# RECORDED INFORMATION
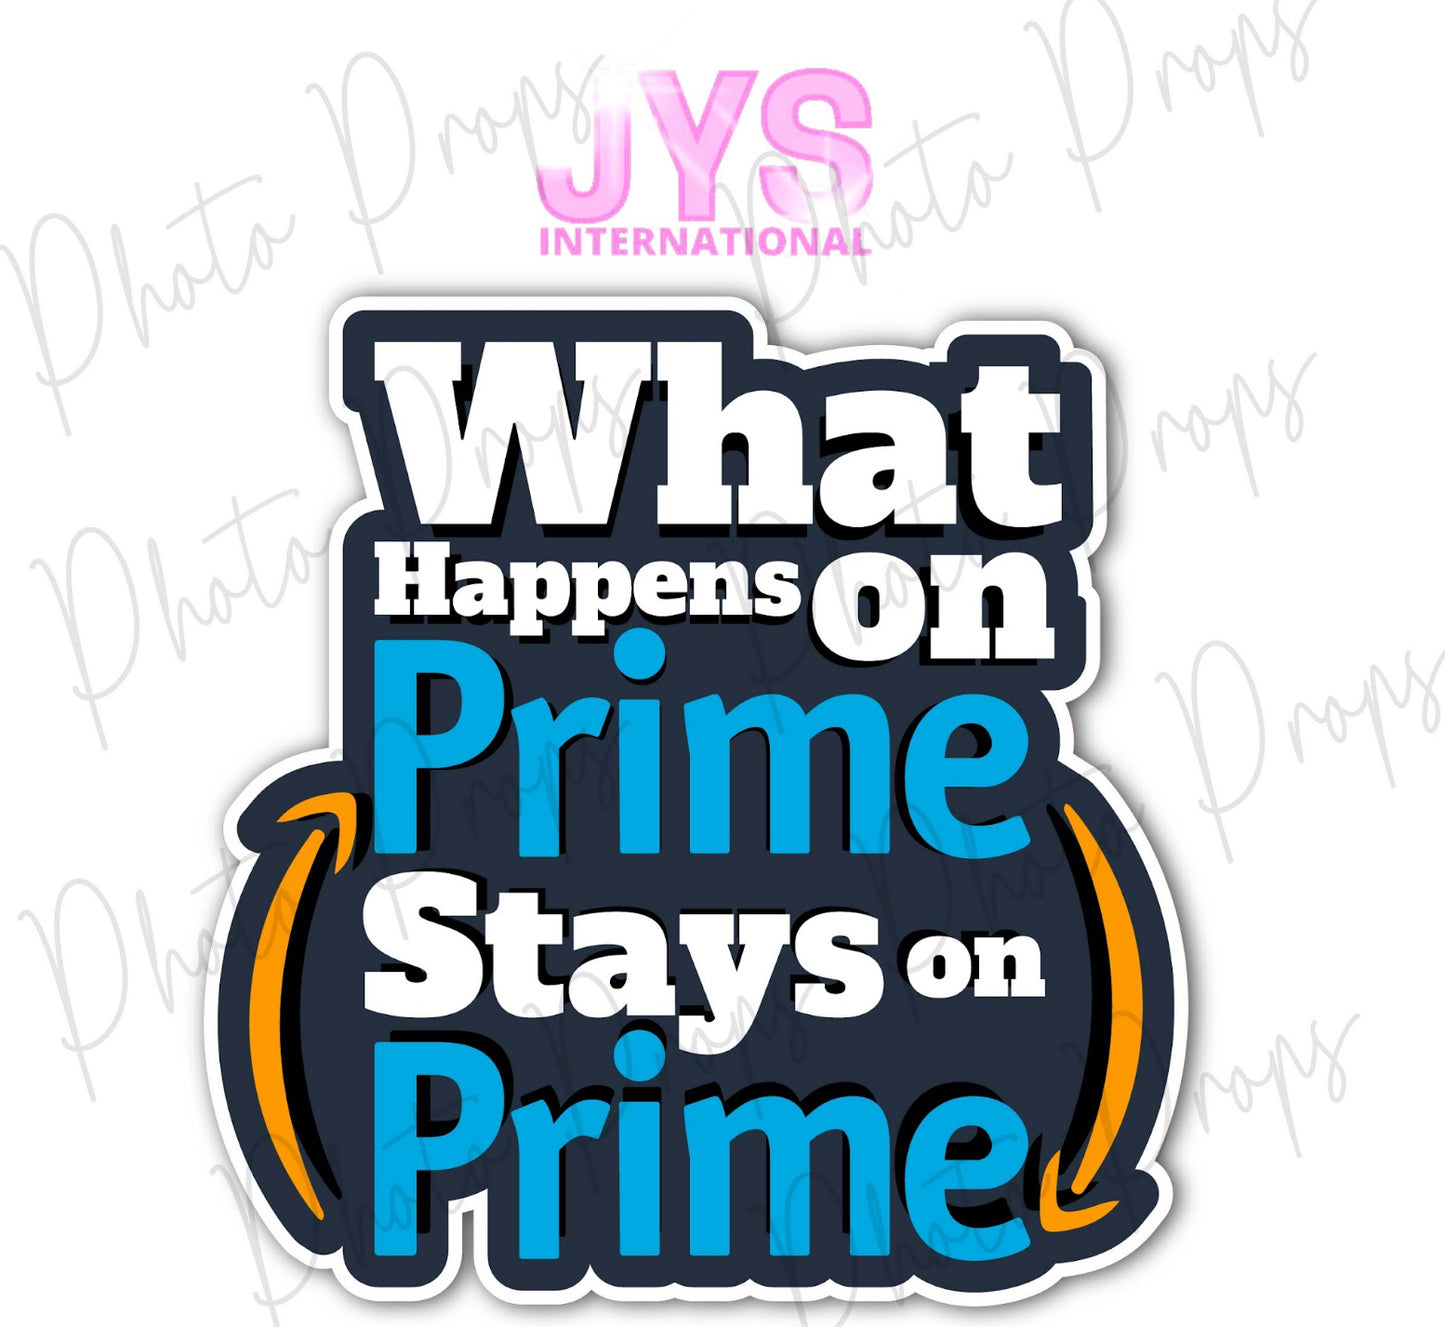 P1335: WHAT HAPPENS ON PRIME
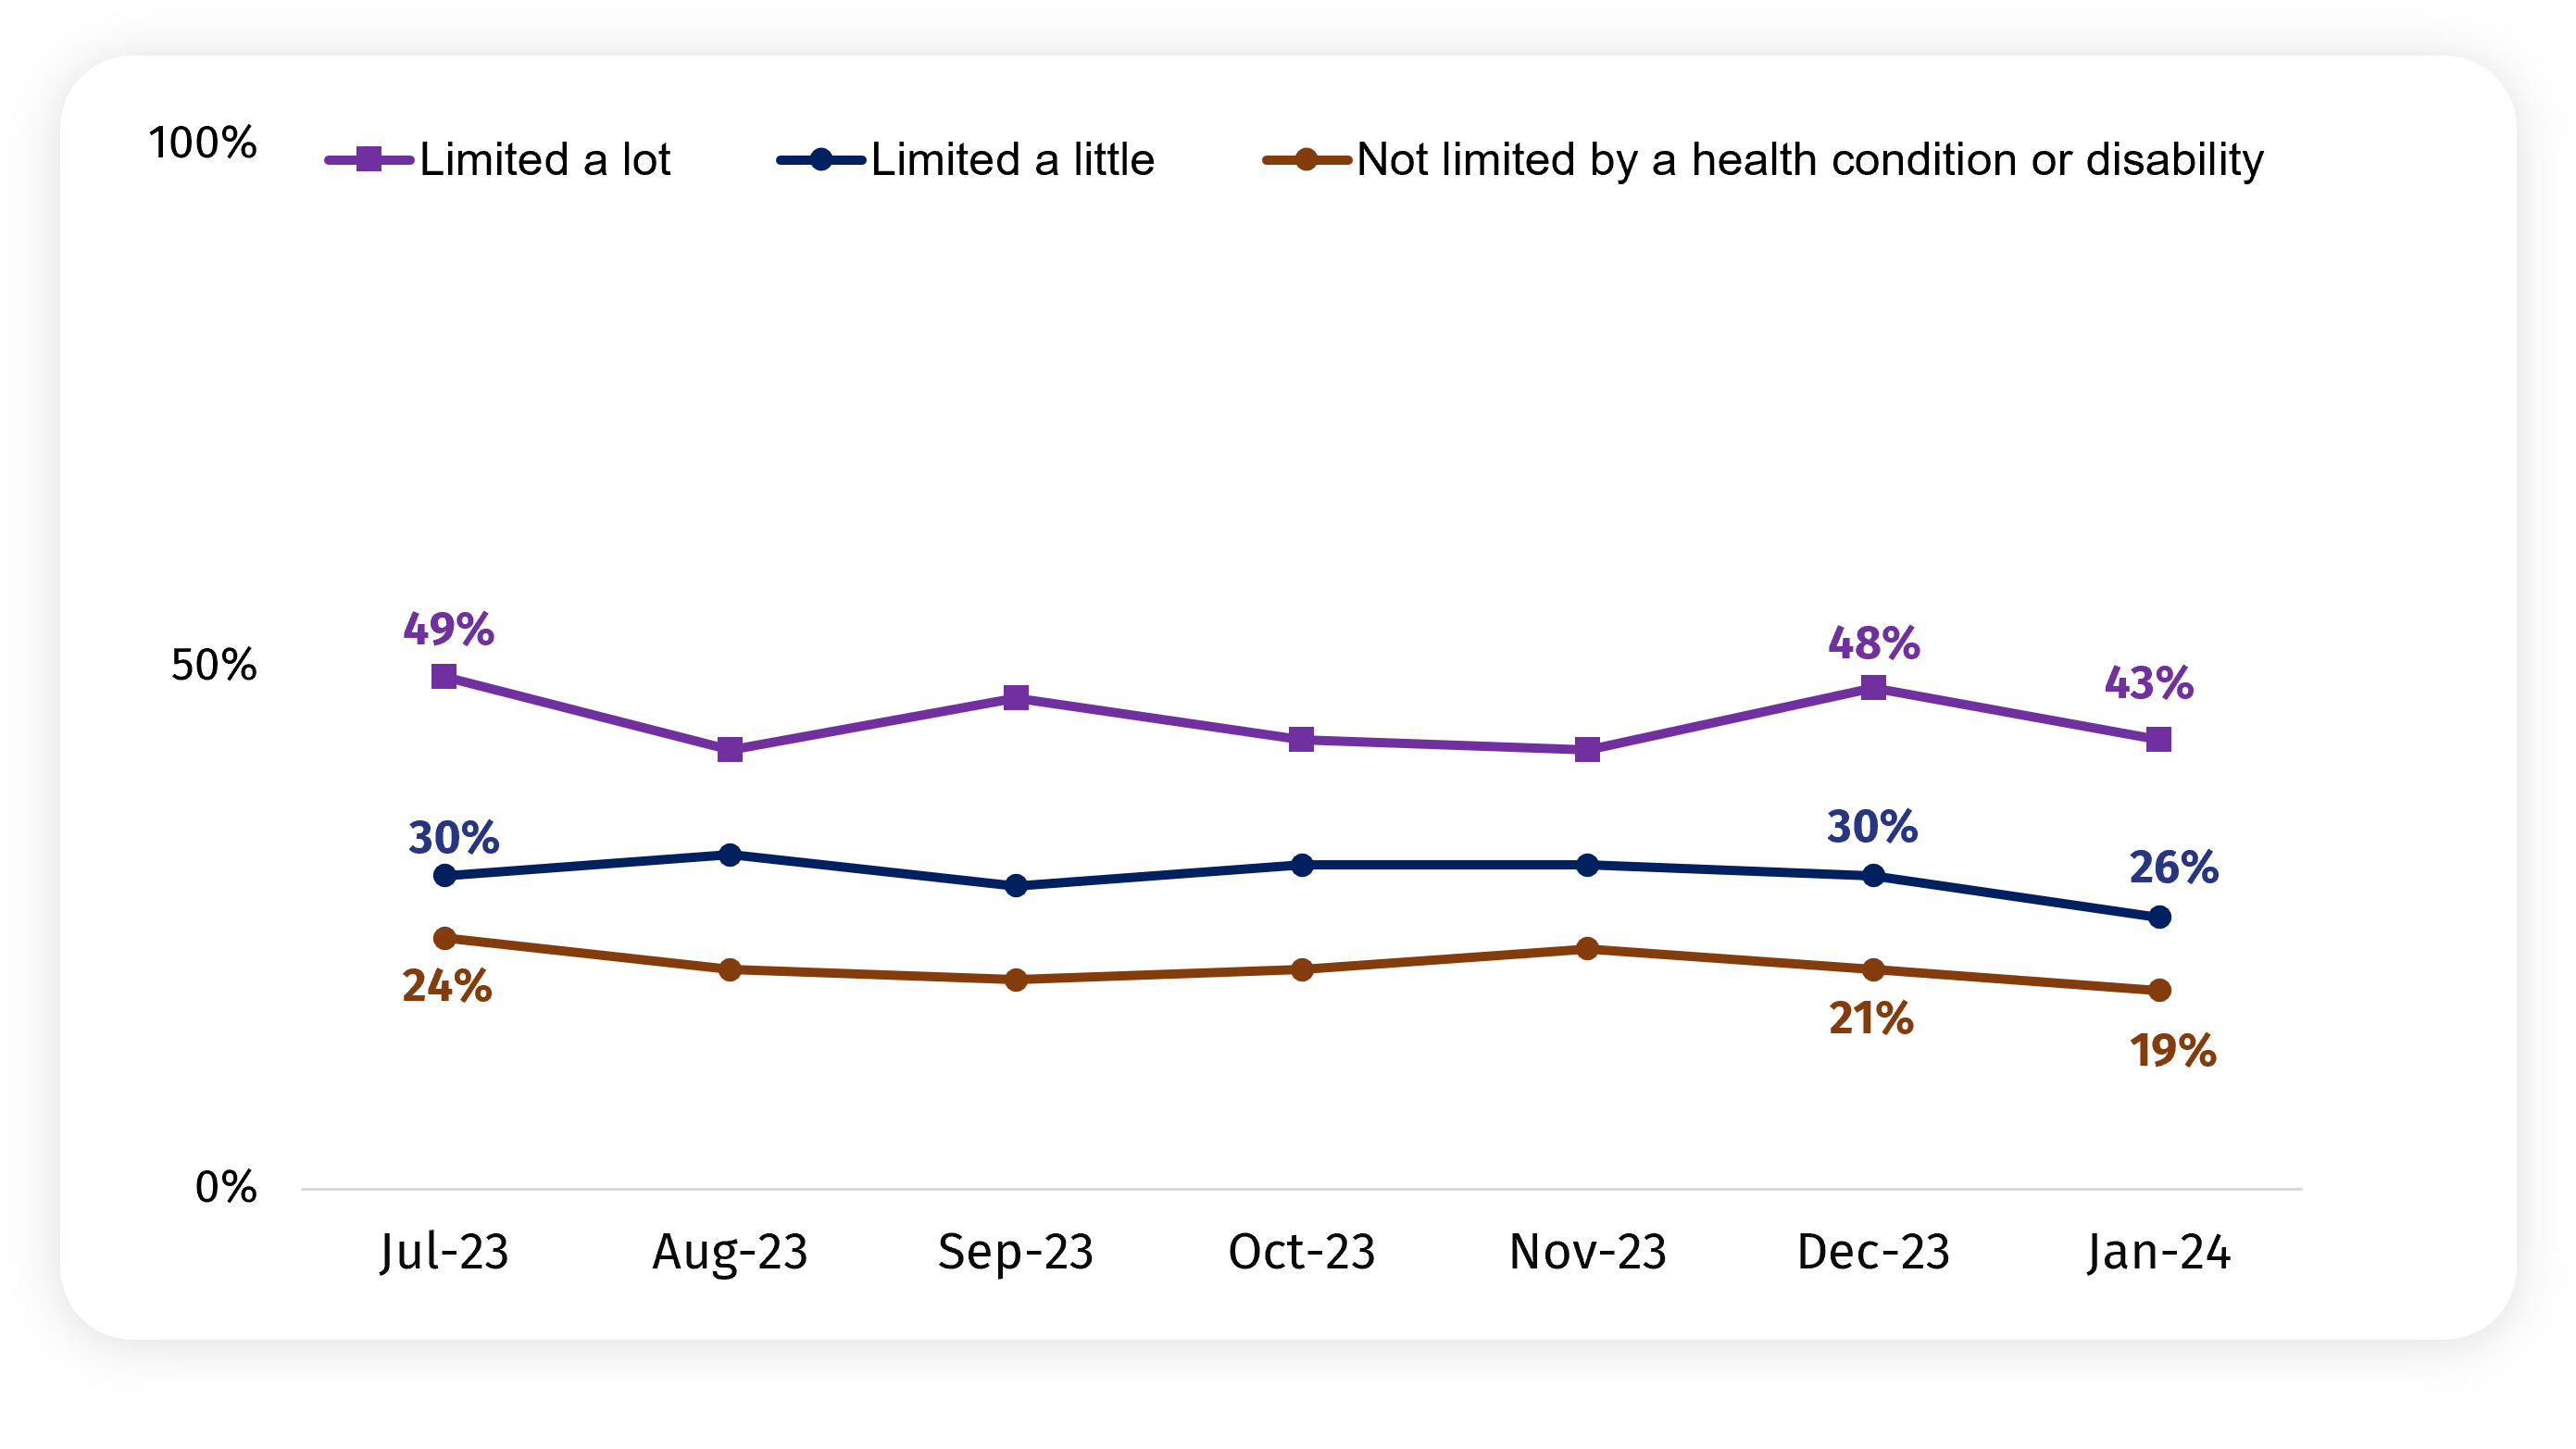 The chart shows the proportion of those who are concerned about food affordability by limiting health problem or disability. In January, it is 43% among those limited a lot, 26% among those limited a little, and 19% among those not limited.
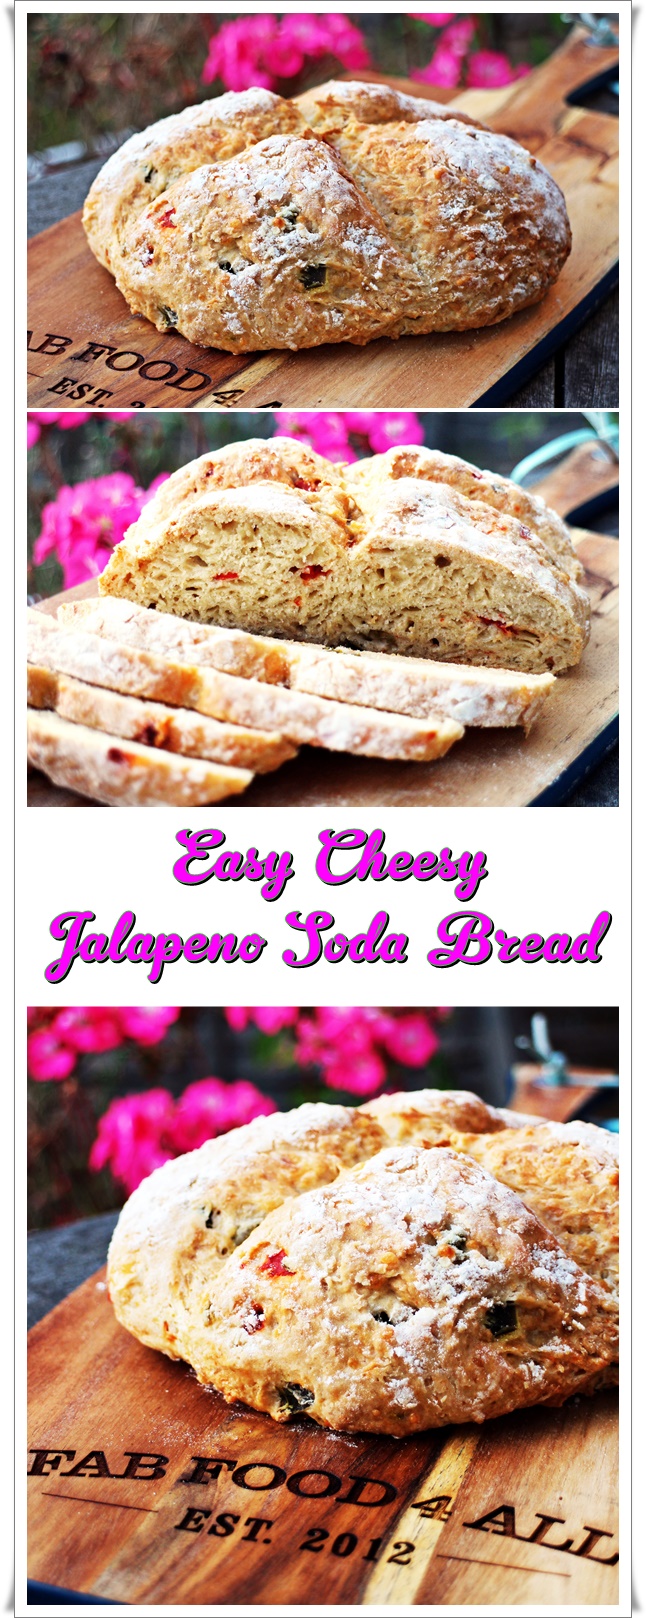 Easy Cheesy Jalapeno Soda Bread, delicious and perfect with soup! Fab Food 4 All

# PROBLEM DESCRIPTION
Restate every line of the data above word for word, with the images removed.

# RESULT BELOW
 P1335: WHAT HAPPENS ON PRIME
 The chart shows the proportion of those who are concerned about food affordability by limiting health problem or disability. In January, it is 43% among those limited a lot, 26% among those limited a little, and 19% among those not limited.
 Easy Cheesy Jalapeno Soda Bread, delicious and perfect with soup! Fab Food 4 All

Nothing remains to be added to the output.